Mereka bertiga berhasil diterima di akademi super elit dengan peringkat fantastis, sepuluh besar. Jelas mereka bukan remaja biasa. Perbedaan pengalaman dan pengetahuan kentara setelah membaca keterangan tiga detektif tersebut.
"T-tapi Watson," Aleena memutus keheningan yang menyebalkan. "Kamu dan Jam sama-sama beda tipis kan sewaktu pengumuman nilai ujian..." Aleena diam. Mencoba mengingat-ingat.
Jamos Rotloz Horrori peringkat 1 dari 250 pendaftar pada termin pertama.
Watson Dan peringkat 1 dari 200 pendaftar pada termin kedua.
Mata Aleena sparkling, mengepal tangan senang, menyeringai. Tiga detektif itu bukan tandingan Watson. "Tidak apa, mereka masih di bawahmu! Fufufu, kita bisa menang. Tunggu saja kalian. Temanku akan mengalahkan kalian, hahaha!"
Kenapa dia malah senang? Watson mengembuskan napas. Baginya peringkat tidak penting. Watson lulus di Alteia berkat kerja keras, hanya itu.
Mobil berhenti melaju. Watson sampai di lokasi tujuan. Pintu dibuka oleh orang-orang berjas hitam.
"Ayo. Pesawat kita sudah menunggu."
*
Dua puluh menit sebelum pesawat lepas landas, Aleena berpamitan dengan orangtuanya. Begitu juga Watson dan Noelle mengucapkan terima kasih mau menumpangi mereka secara legal.
"Keponakan Anda sudah banyak membantu putri kami. Ini hanya hal kecil."

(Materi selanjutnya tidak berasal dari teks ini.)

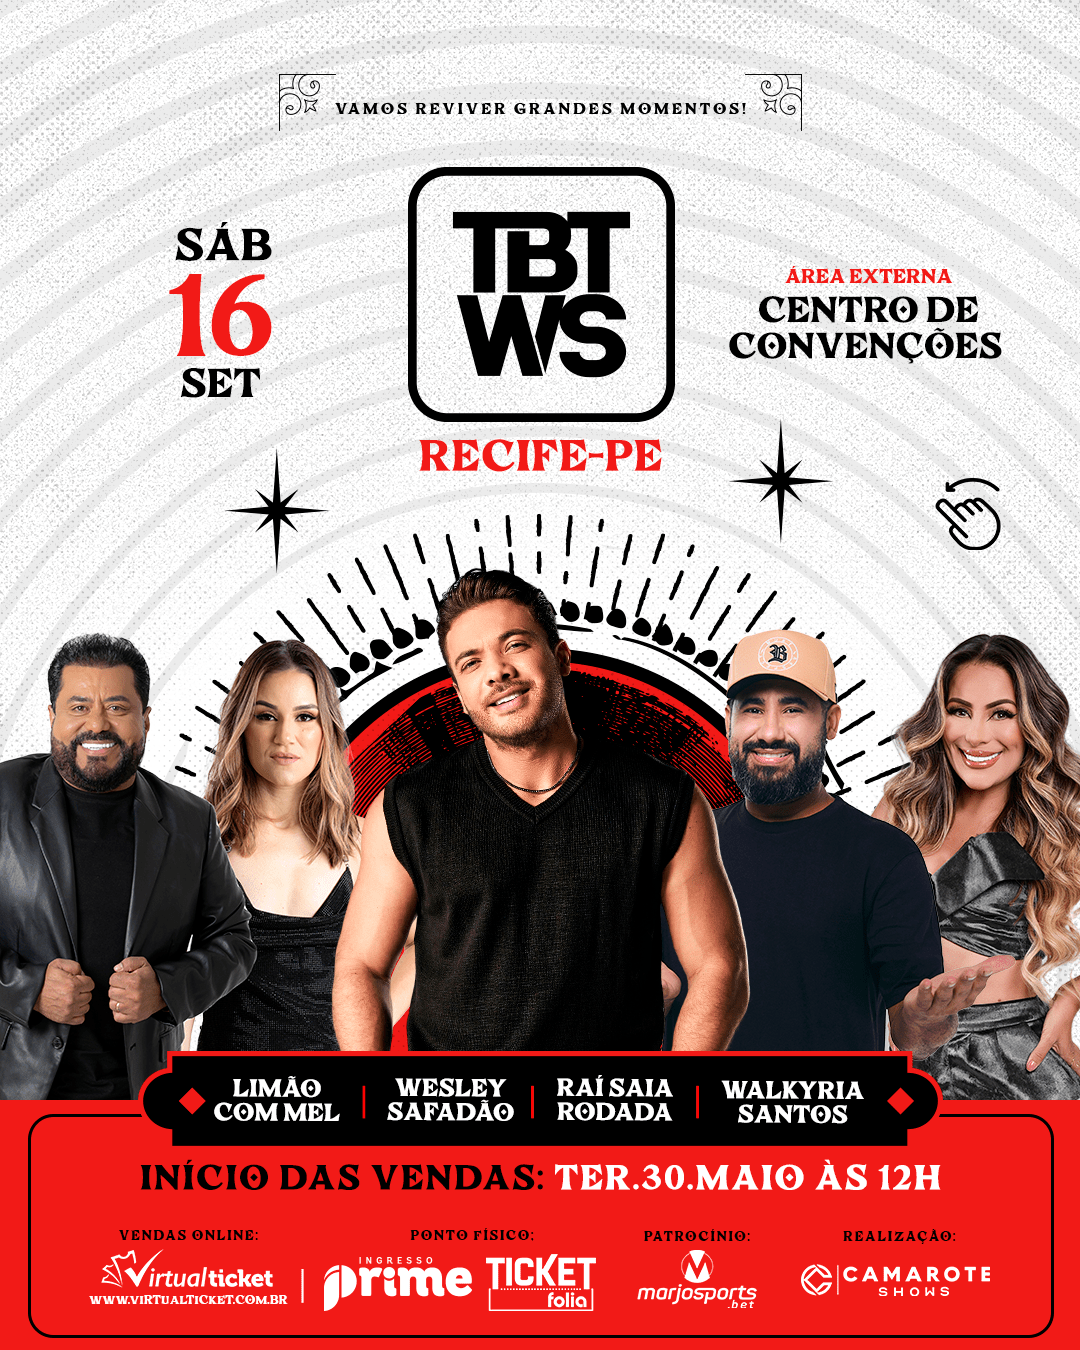 TBT WS confirma edição no Recife; venda de ingressos liberadas

Aleena sekali lagi memeluk obunya—orangtuanya punya kerjaan terpisah. "Ma, Lena pergi dulu ya. Jangan lupa tetap berkunjung ke New York kalau kalian melakukan perjalanan bisnis ke luar negeri."
"Iya, Sayang. Berhati-hatilah selalu. Jangan gunakan bakatmu pada sesuatu yang salah, tapi lindungilah orang lemah."
Aleena menyeringai, menendang kaki Watson. Cowok itu menatapnya datar-sinis. "Seperti dia kan, Ma? Siap!"
Tempat itu diselingi tawa singkat.
"Barang-barang kalian sudah diangkut ke pesawat. Apa kita bisa berangkat sekarang?" tanya pramugari pribadi datang memotong percakapan.
"Ya, tentu saja." Noelle mengangguk, menarik tangan Watson. "Ayo, Dan."
Memejamkan mata, Watson melangkah menyusul Noelle. Sebenarnya Watson sedikit berharap mereka bertiga datang mengucapkan salam perpisahan, tapi sepertinya tidak—
"TUNGGU, WATSON DAN!"
Watson berhenti melangkah, tercenung. Menoleh ke belakang dirinya sudah dipeluk Aiden, Hellen, dan Jeremy yang berseragam sekolah. Mereka membolos.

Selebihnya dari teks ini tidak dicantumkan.